Hi. I did a few major edits to this part. This story kind of kills me, because it's hard writing the boys a part and getting into Sam's head is...not fun, but it's carthartic. I hope you like it. Let me know either way.
Thanks again for the reviews and alerts! They really mean a lot.
Chapter 3
Dean slinked into the house, smelling of booze and nicotine and freshly fallen snow.
He took off his coat and stuffed it into a plastic bag along with his other shirts. He tied it tightly, and dropped it next to the laundry machine. He grabbed a clean hoodie from the dryer. Dean hadn't gotten a job yet, but spent the day up hitting up bars along the Illinois border. Thanks to his still-sharp hustling skills, he'd made a little an easy five grand.
The holidays always seemed to tease out latent dysfunction—people needed to drown their sorrows in beers and bad behavior, and he'd made a killing. And it was nice, stepping back into the past, swindling losers out of their cash, and feeling the energy of truck-stop drive. Dean couldn't say he didn't miss the life, miss his car and the open road. He'd actually smiled and flirted with the bartender, and he'd turned his right, expecting to find Sam hunched over a newspaper or some lame novel Dean could barely understand. There was no one there, of course, no emo-Sasquatch, just an empty barstool and a bleeding hole in his heart.
So he came back to the house, bereft about Sam and the approaching holidays.
He moved out of the laundry room and was startled by the softly glowing colors littering the walls, the glitter and tinsel, and the gleam of a thousand bulb ornaments on the kitchen table.
He sucked in a deep breath, smiled winningly, and padded into the living room. Lisa and Ben were decorating the biggest Christmas tree Dean had ever seen. There were forgotten cups of cocoa on the table, Christmas carols playing on the stereo. Dean half-expected an elf to toddle around the corner.

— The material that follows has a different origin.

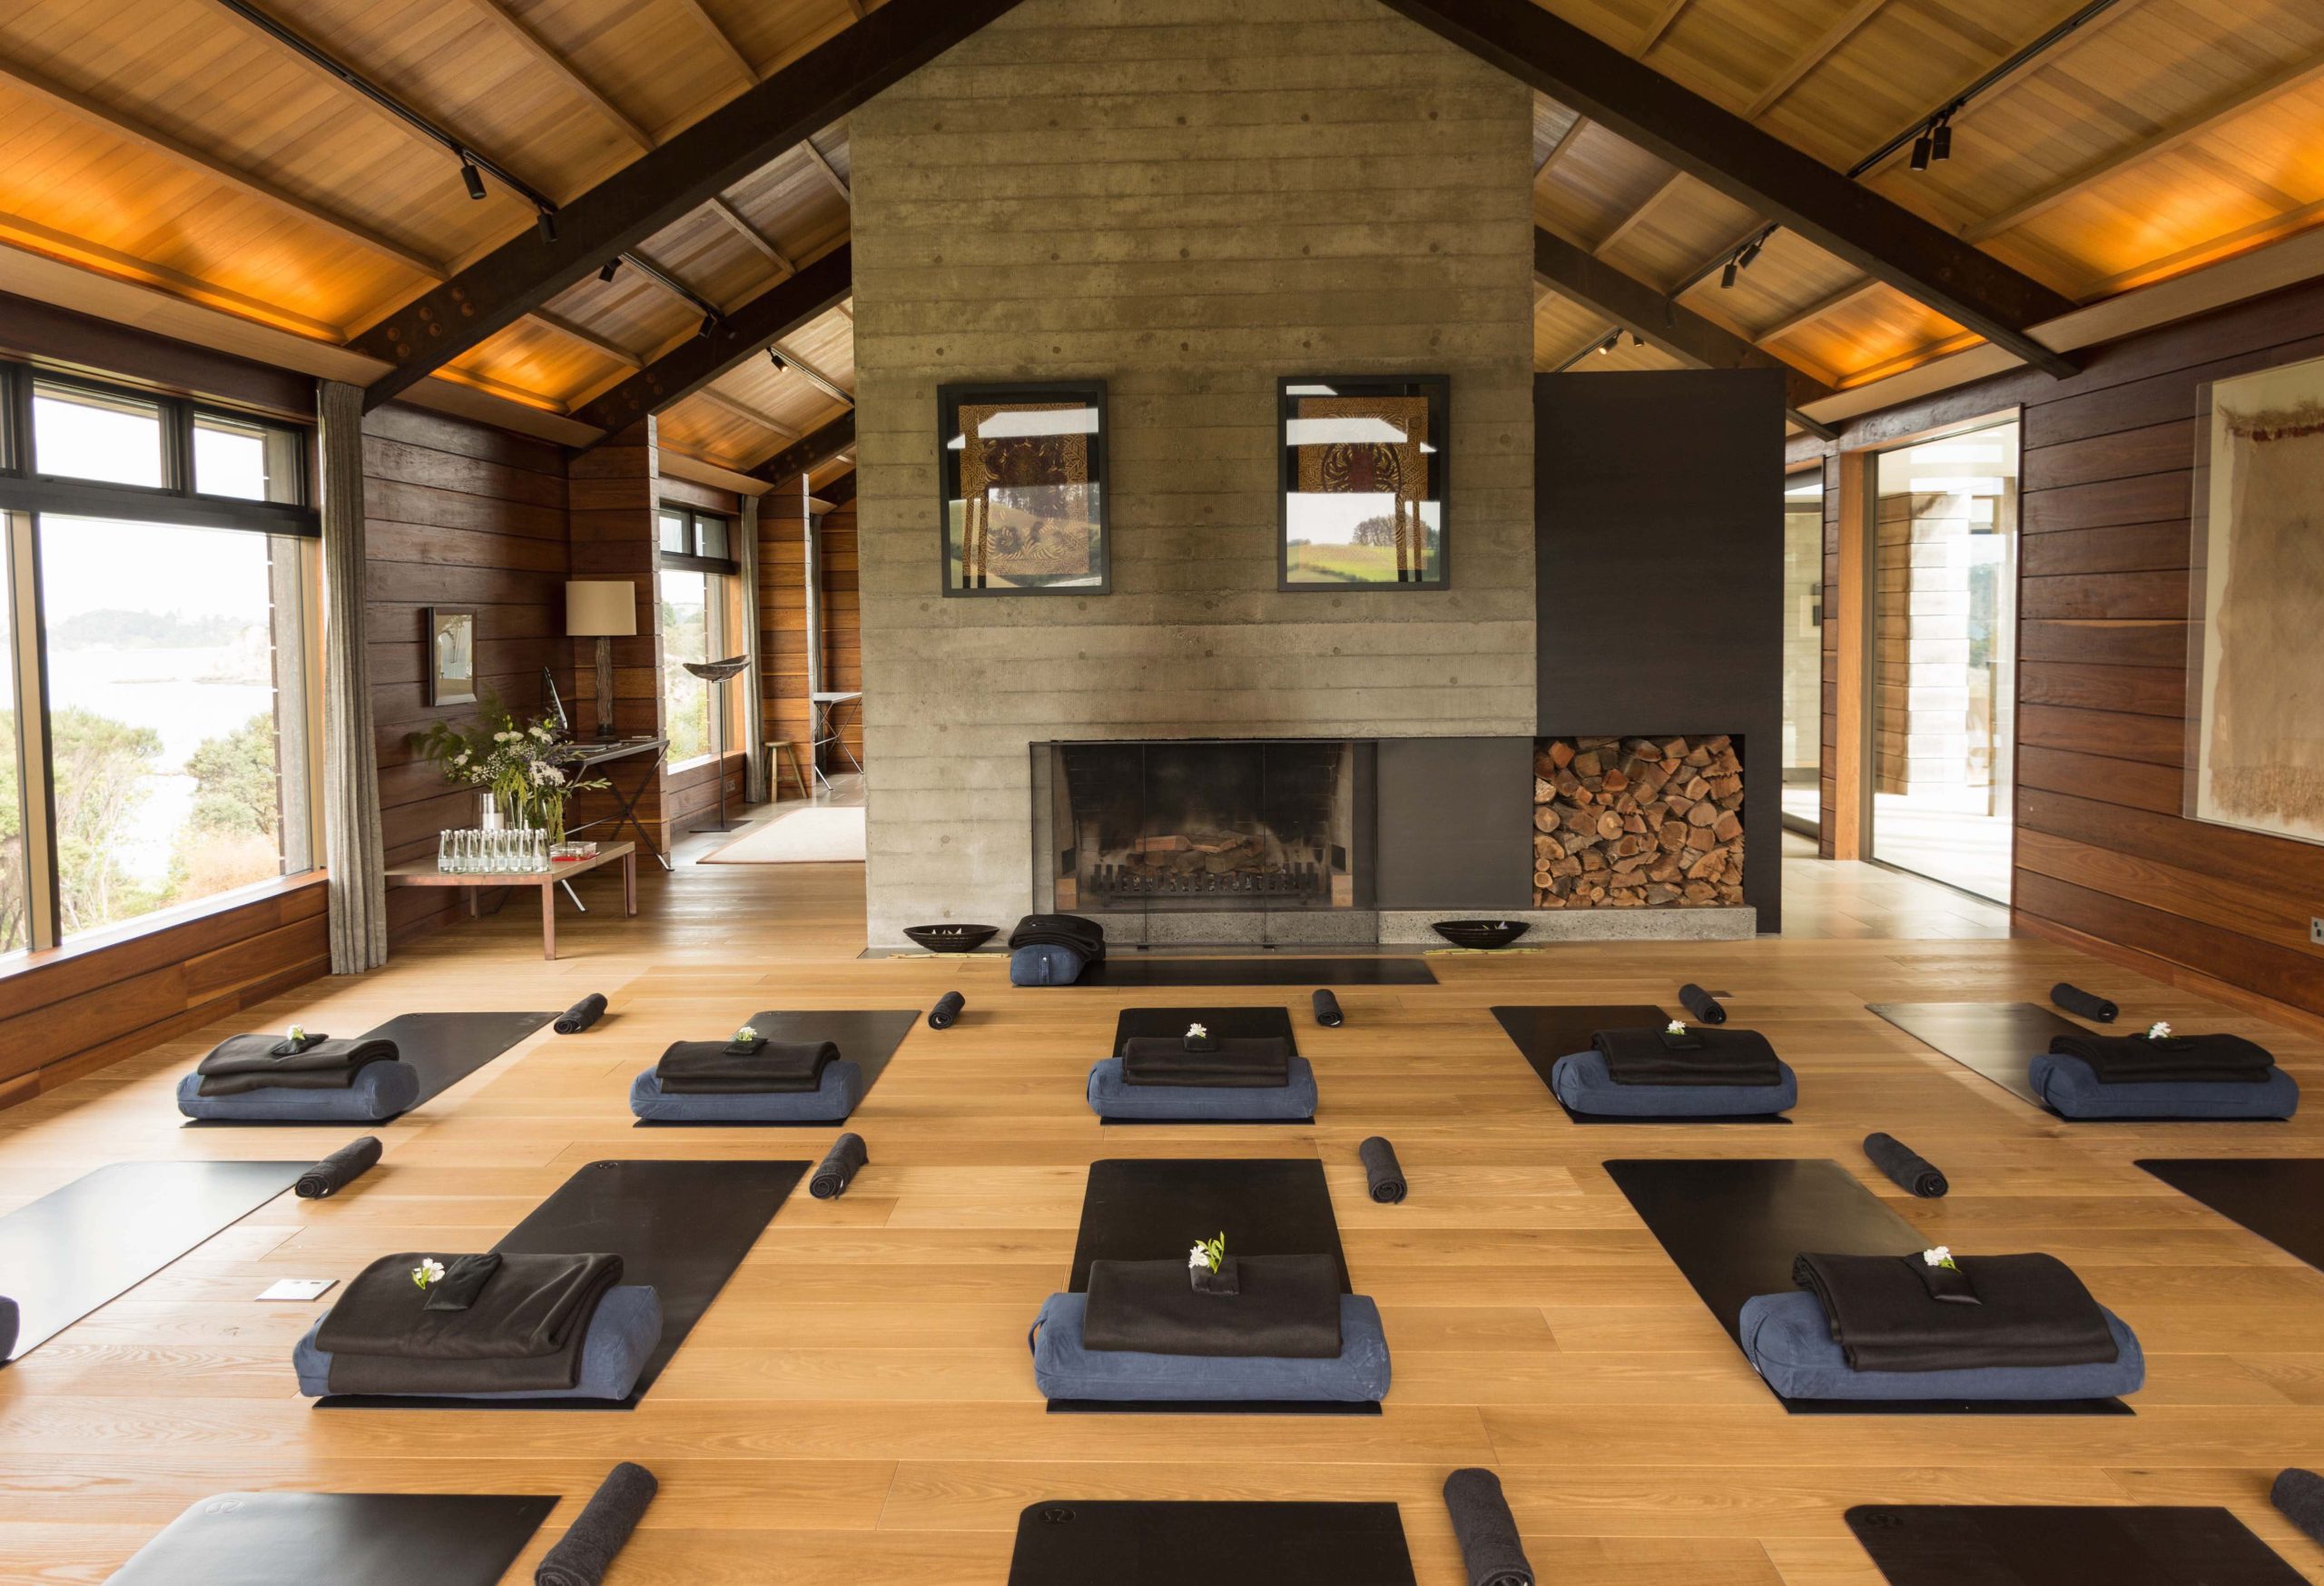 Wind Down With A Wellness Stay in Northland

"Did Christmas throw up in here?"
Ben popped out from the side of the tree. He was giggling and bouncing around like a kangaroo. "Deeean, we always do the tree this time every year. I'm glad you're back. We have a surprise for you." Ben said with wide eyes.

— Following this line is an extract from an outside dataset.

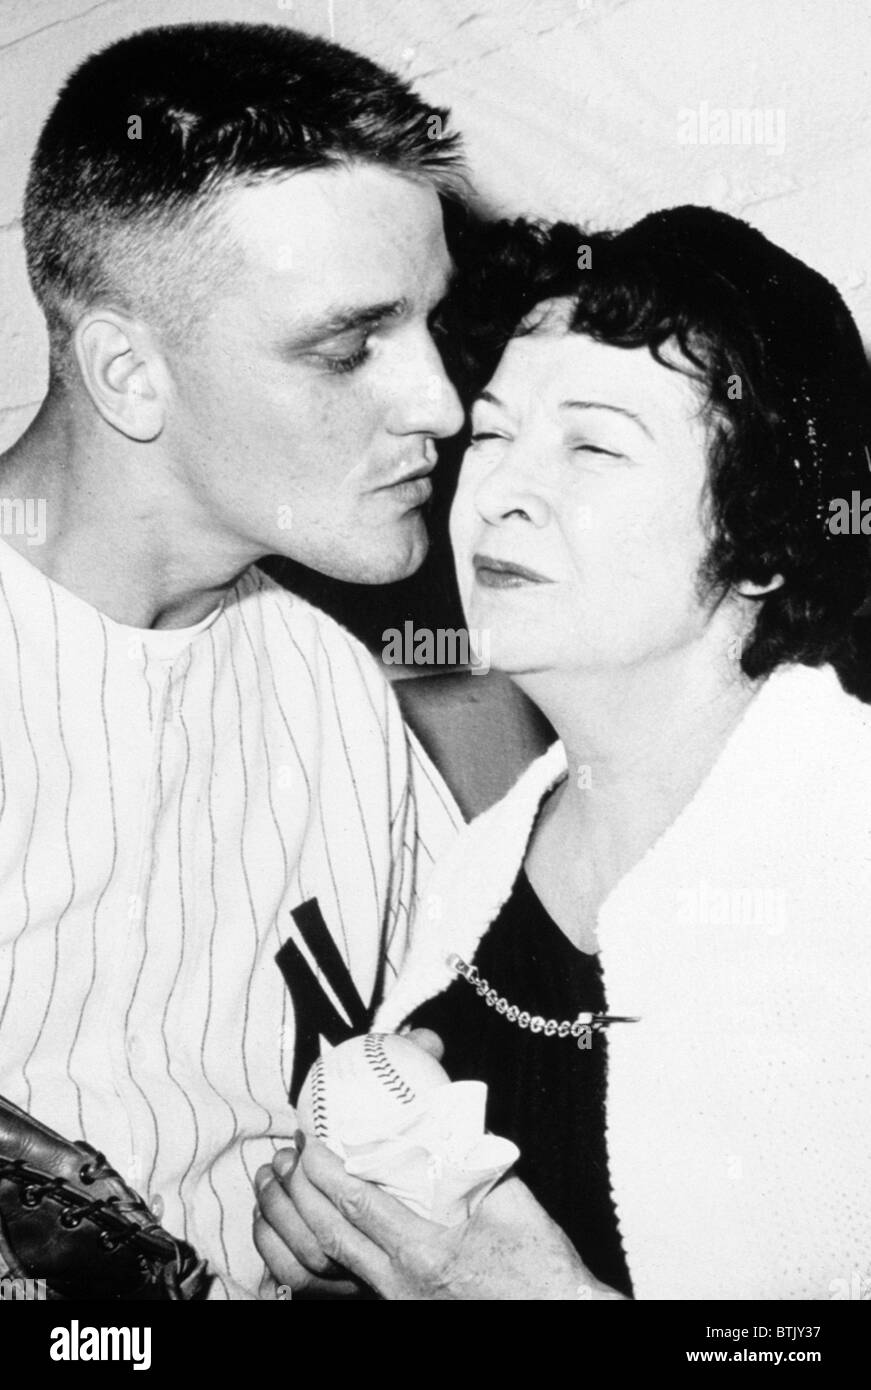 Roger Maris (NY Yankees) with Mrs. Babe Ruth after hitting 60th home run, 1961. Stock Photo

Ben and Dean had become fast friends in the five months since he'd been there. And he loved surprising Dean. His energy and glee was Dean's saving grace, and he loved that kid more than life.

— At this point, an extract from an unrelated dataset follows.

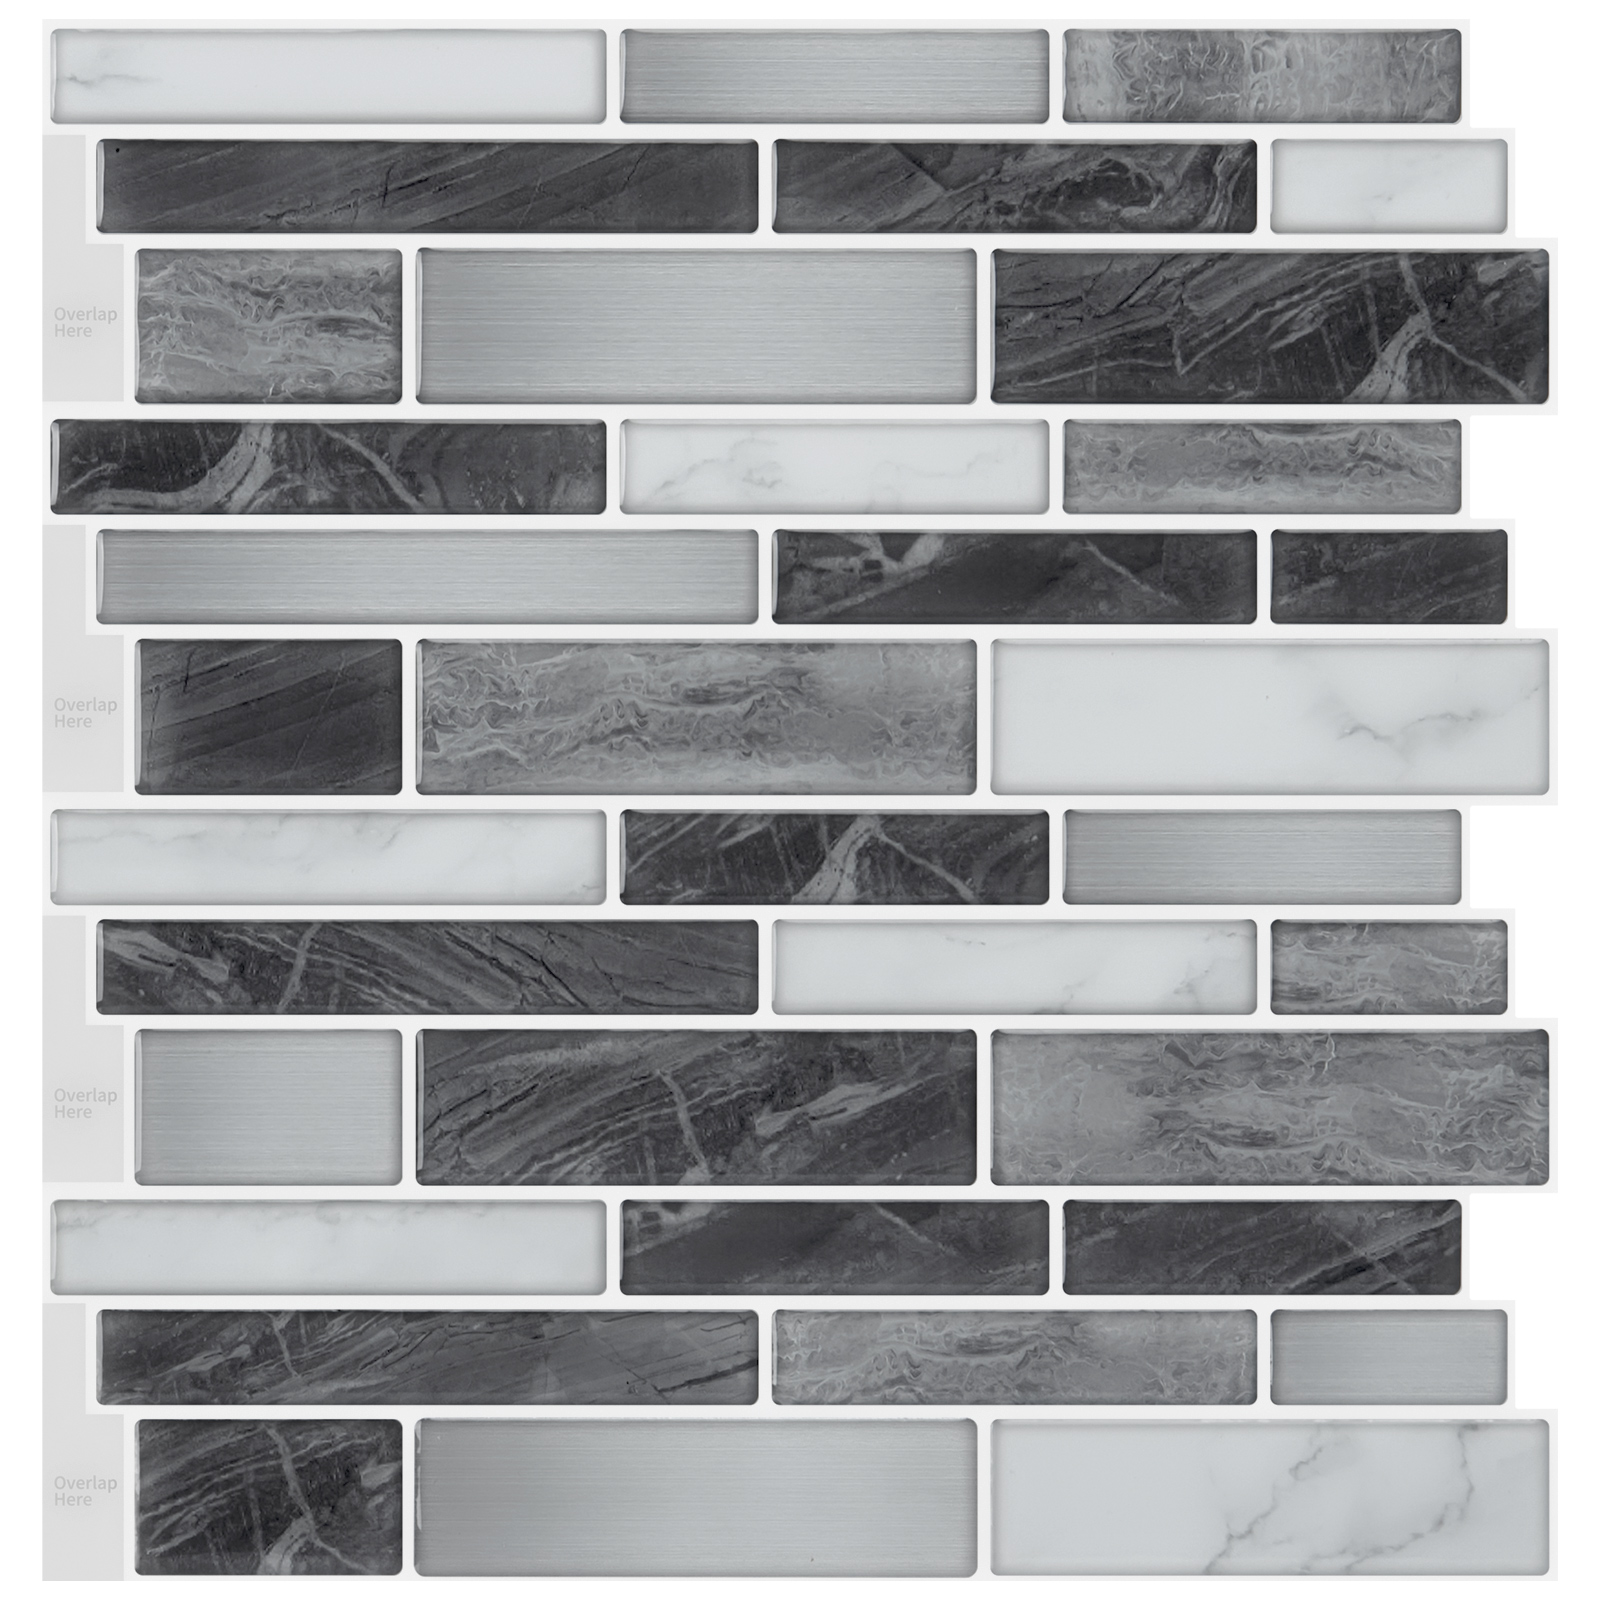 Art3d Marble Look Peel and Stick Subway Tile (Thicker Design) - White

Lisa pushed her dark curls over her shoulder and smiled along with her son. "Sit." He kissed him quickly, frowning at the smoke clinging to his skin. He shrugged and sat.
Their relationship had been a bit slower. Grief had changed Dean, leaving deep and permanent scars. It had also left him more than a little impotent. He loved her without the sex, and it was a hard, passionate, you-saved-my-life love, not the short-lived lust he'd thrived on as a hunter. Lisa was beautiful, all mysteriously dark features and a dusting of freckles, and she was also compassionate, funny and pretty damn cool.
Dean dropped into the soft black couch, unsure of what to do. This seemed like a Braden tradition that he was intruding on, and the thought of Christmas just wanted to go sit in the Impala and mourn in the dark. But he owed it to them to try.
"We have our ornaments. We make some every year. We made one for you."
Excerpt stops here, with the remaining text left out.